_Exercise prompt_:
Write out exactly every line from the one containing "Vintage Blue Corduroy Trucker Hat - image 5" through the final line of the material below, both included. Pictures are to be skipped.

*** Opening Dataset excerpt ***

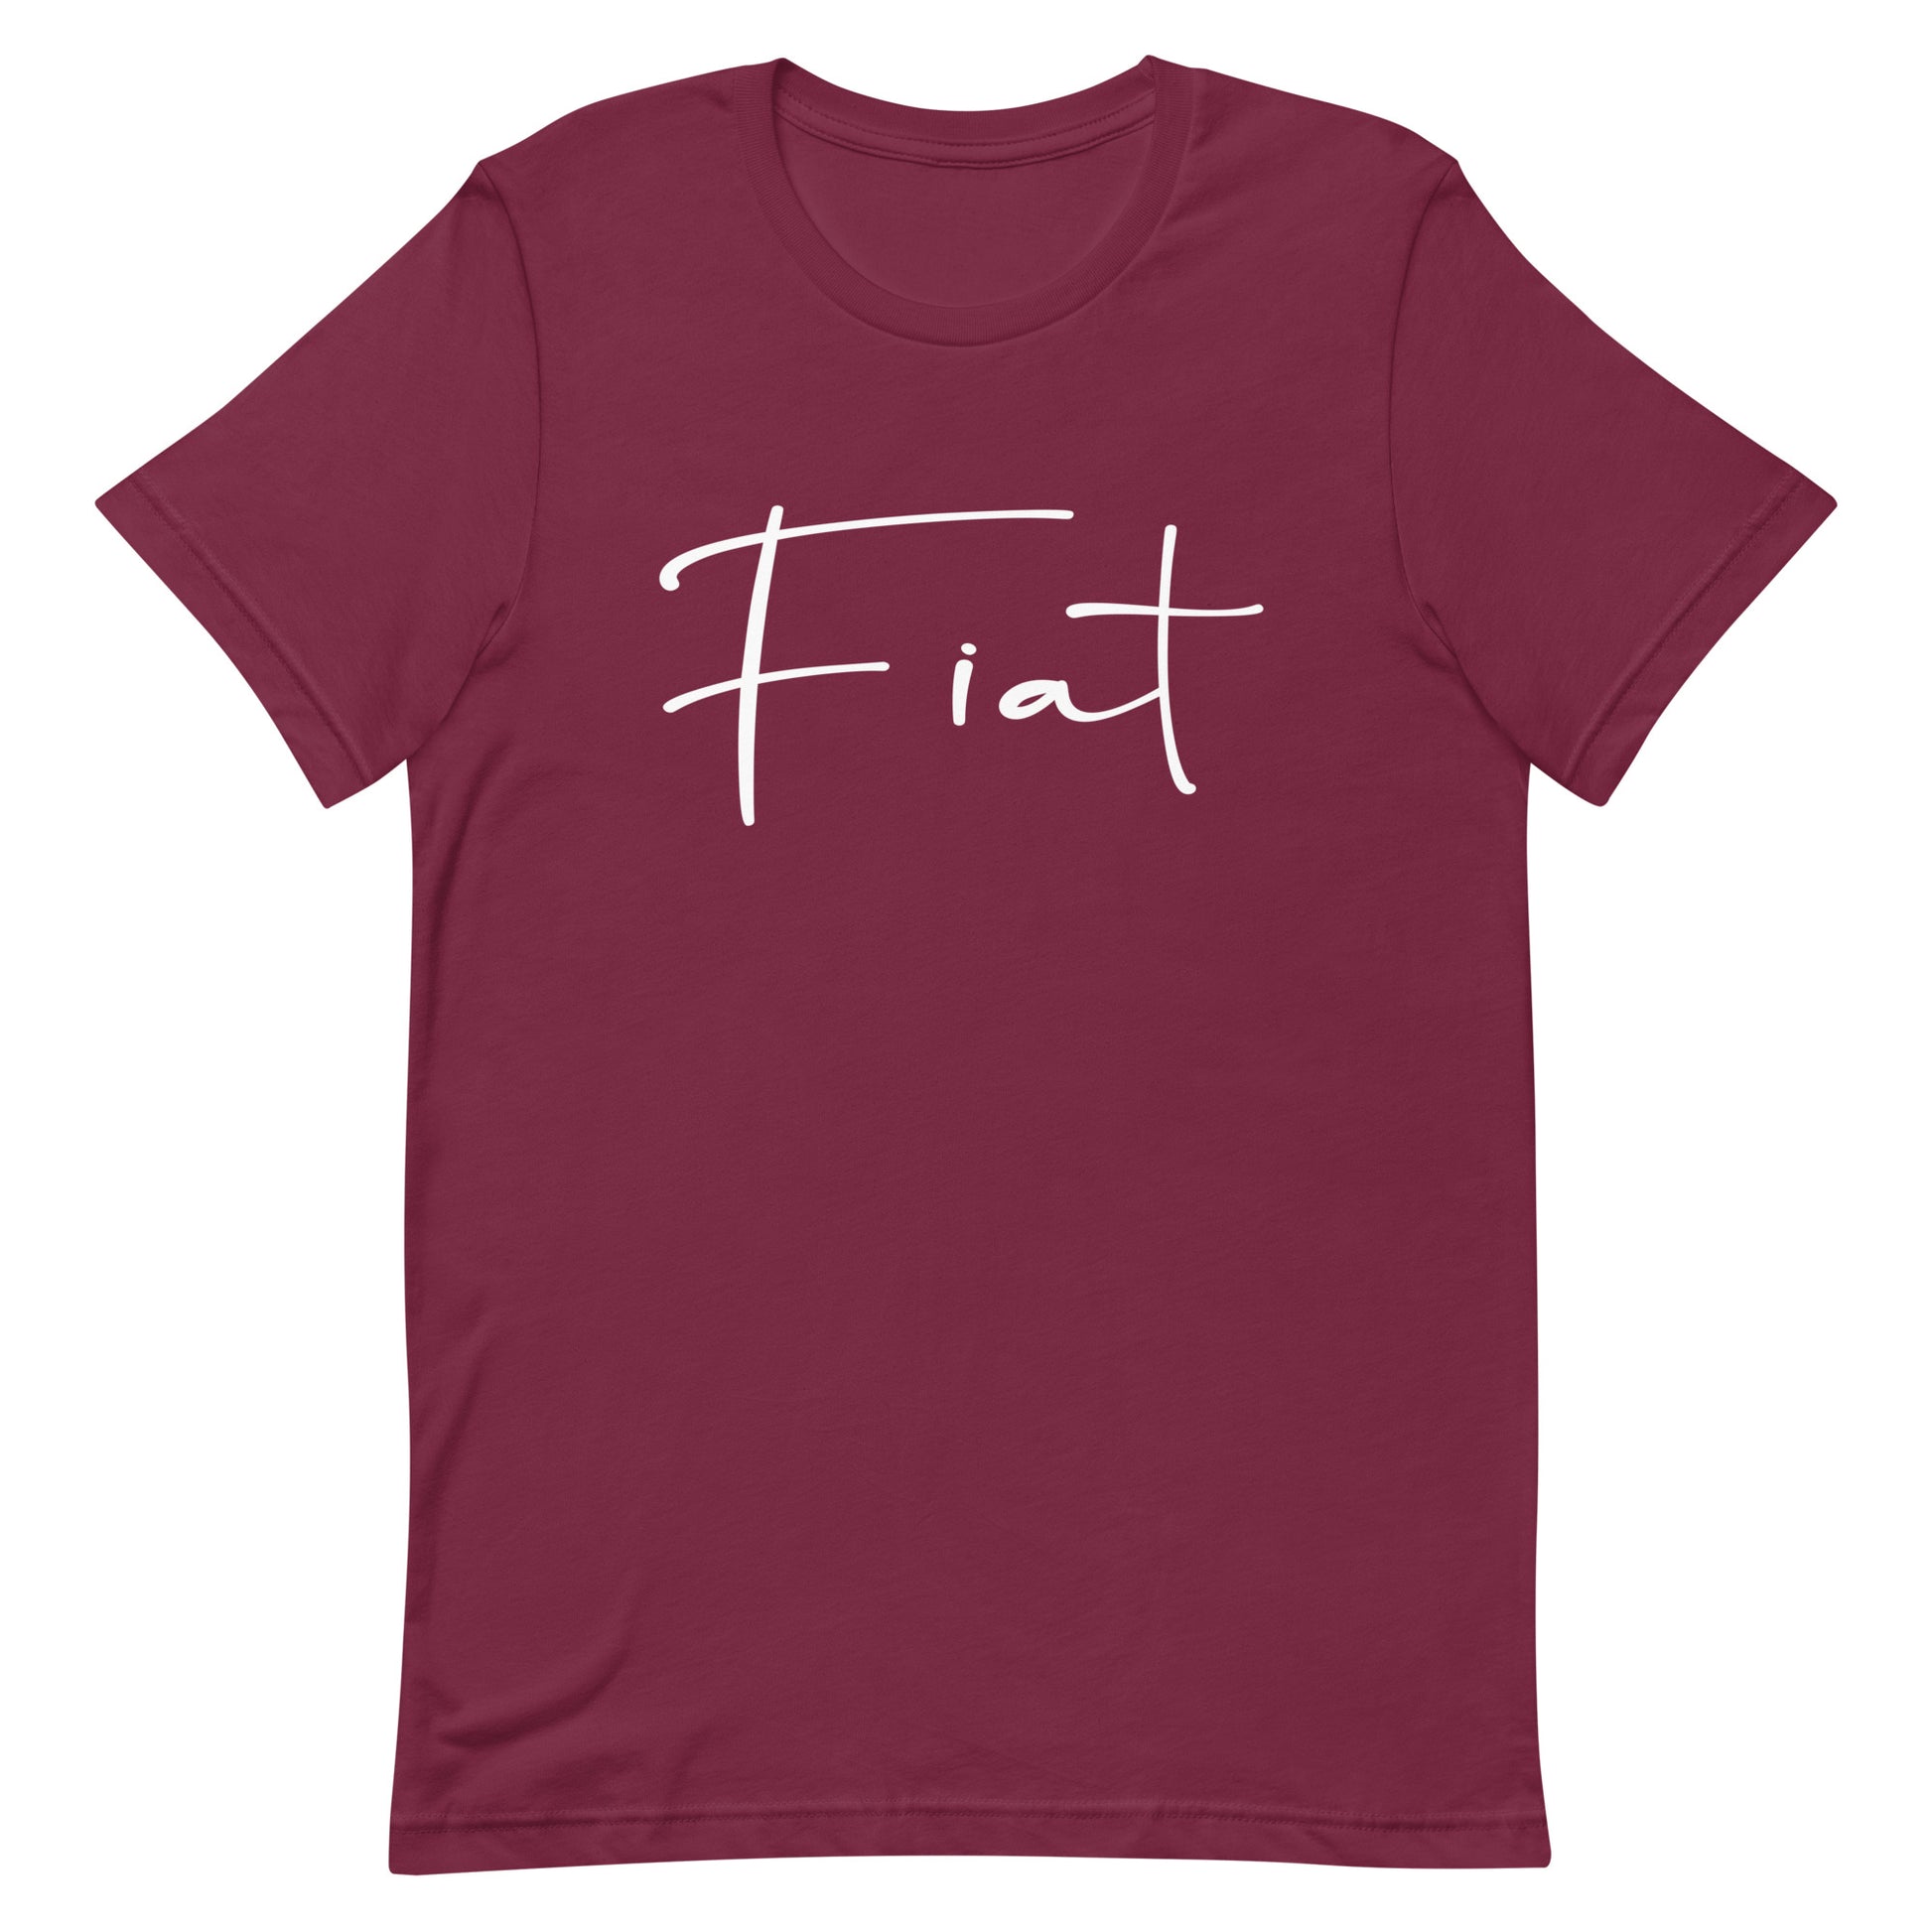 Fiat T-shirt in Maroon
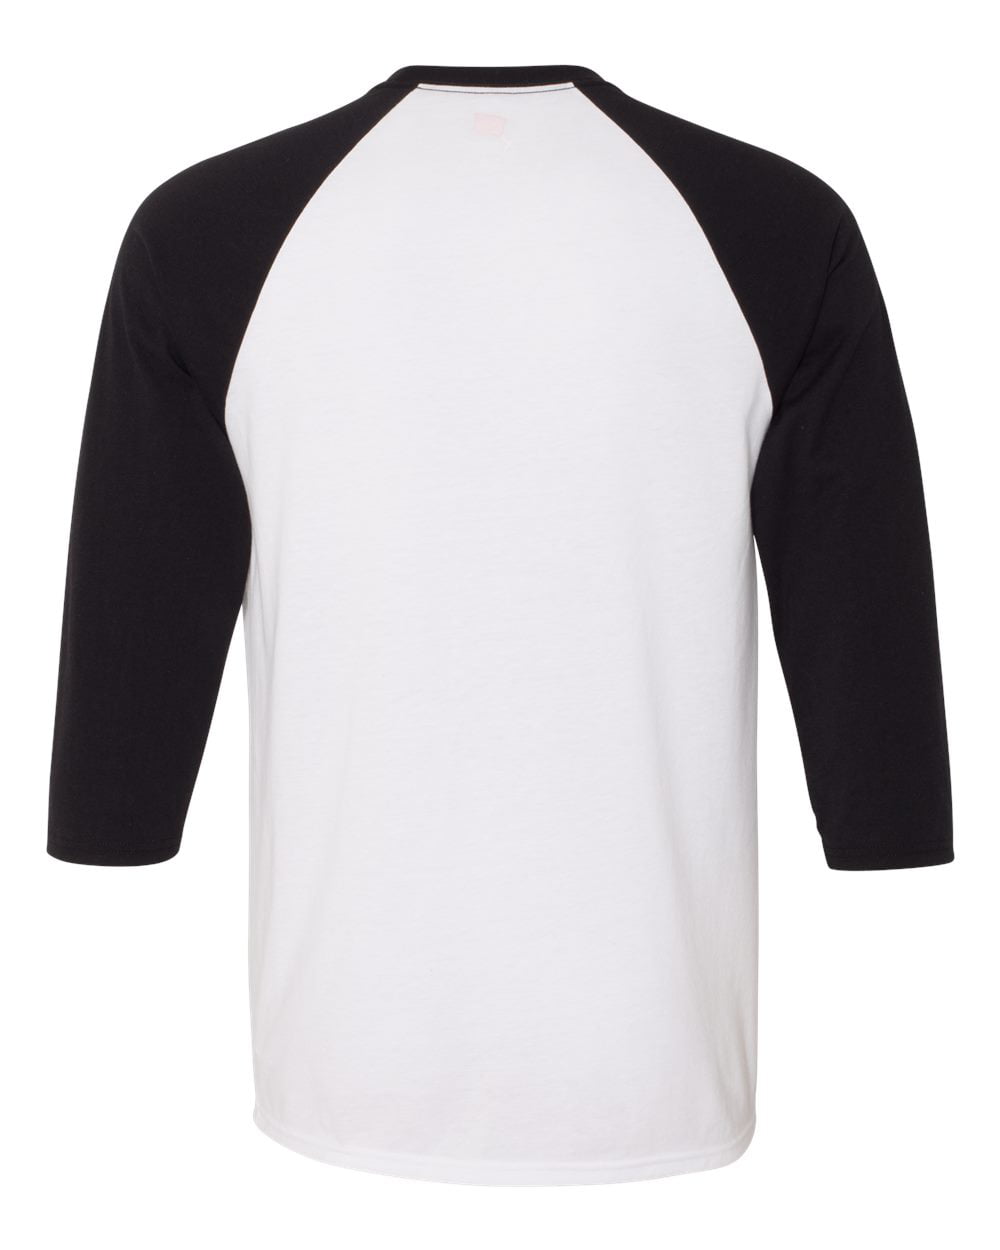 raglan shirt black and white
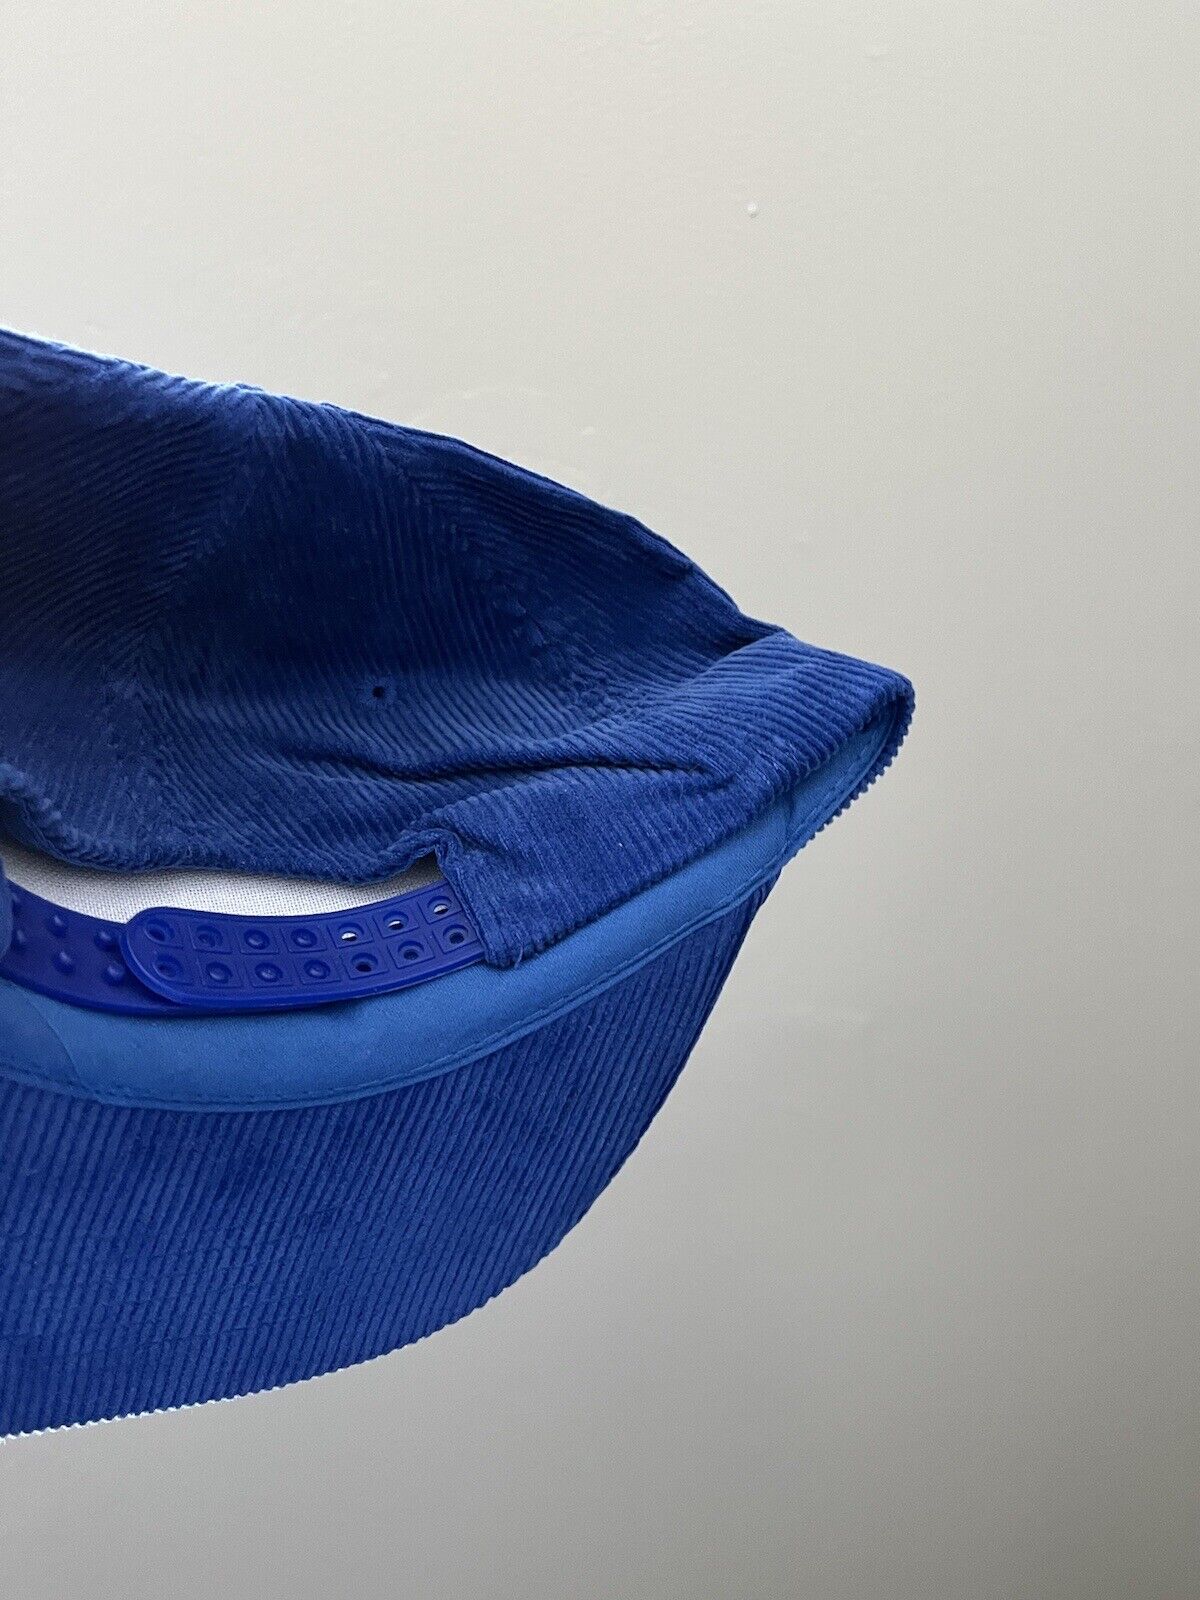 Vintage Blue Corduroy Trucker Hat - image 5
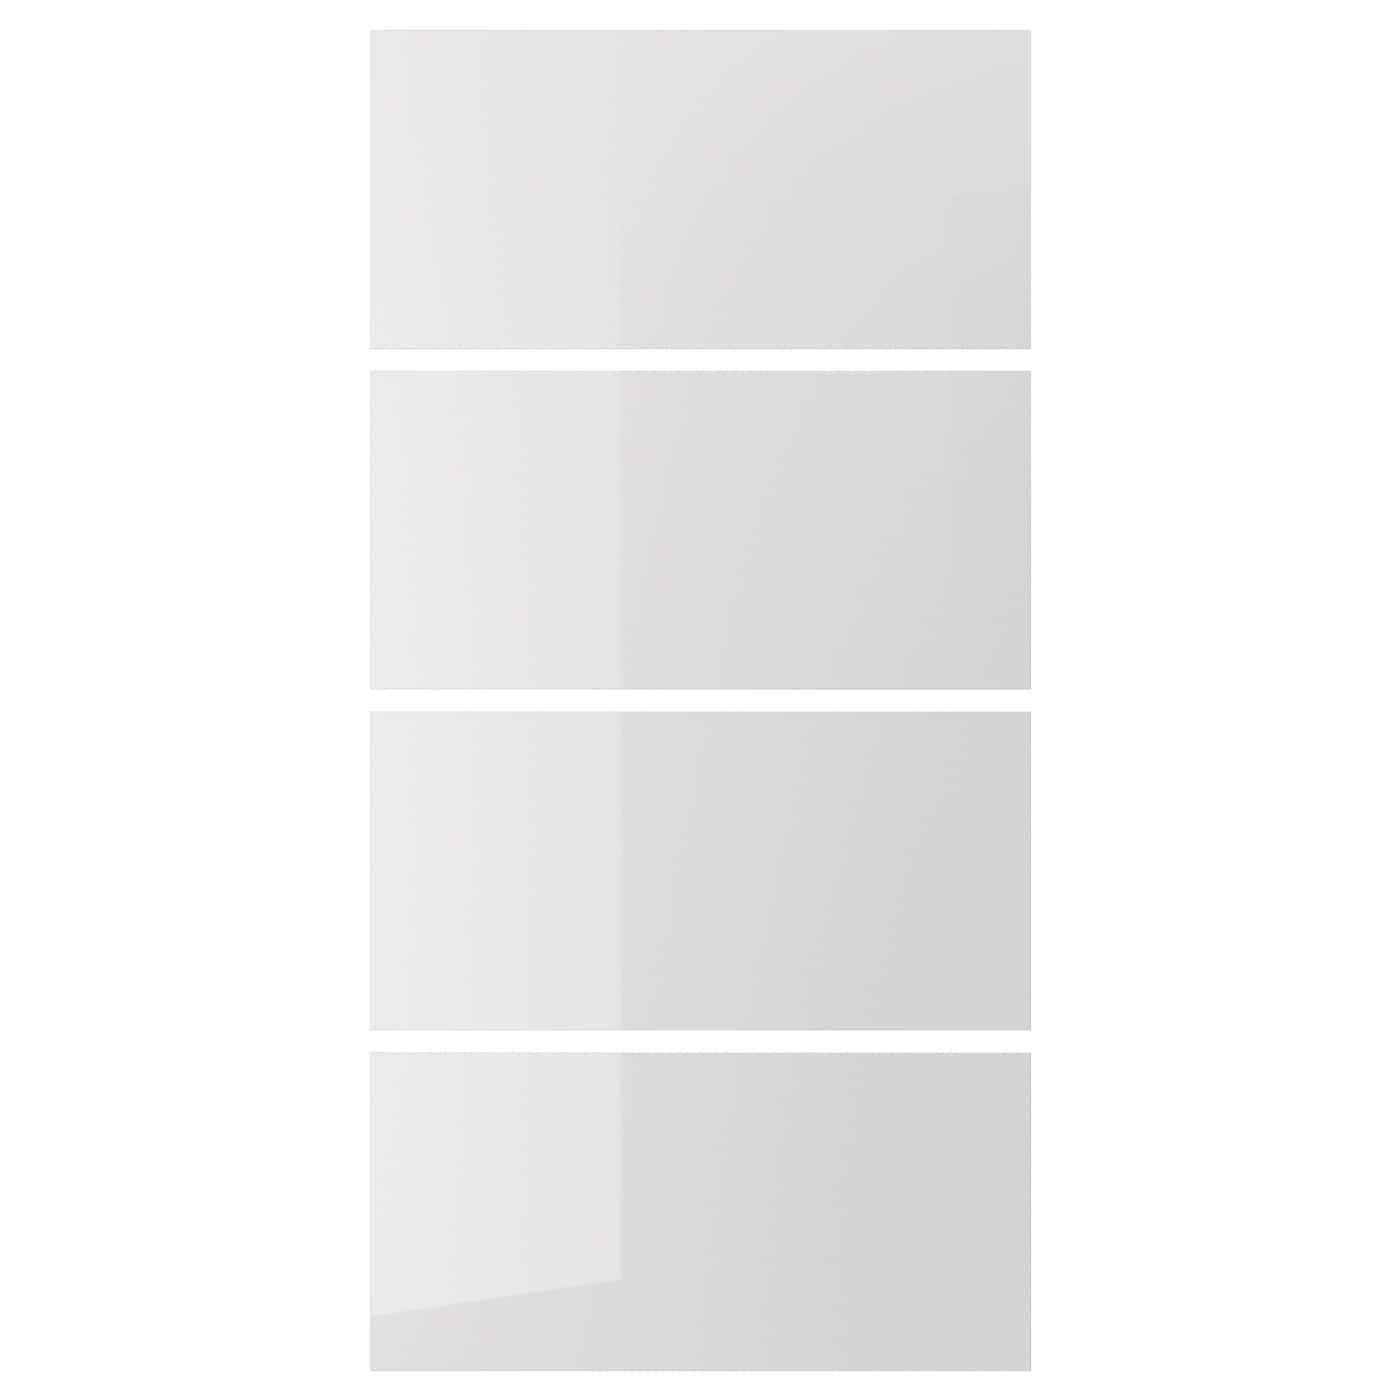 4 панели для коробки раздвижной двери - HOKKSUND IKEA/ ХОККСУНД ИКЕА,  201х100 см, серый

*** Closing Dataset excerpt ***

_Result of this task_:
 Vintage Blue Corduroy Trucker Hat - image 5
 4 панели для коробки раздвижной двери - HOKKSUND IKEA/ ХОККСУНД ИКЕА,  201х100 см, серый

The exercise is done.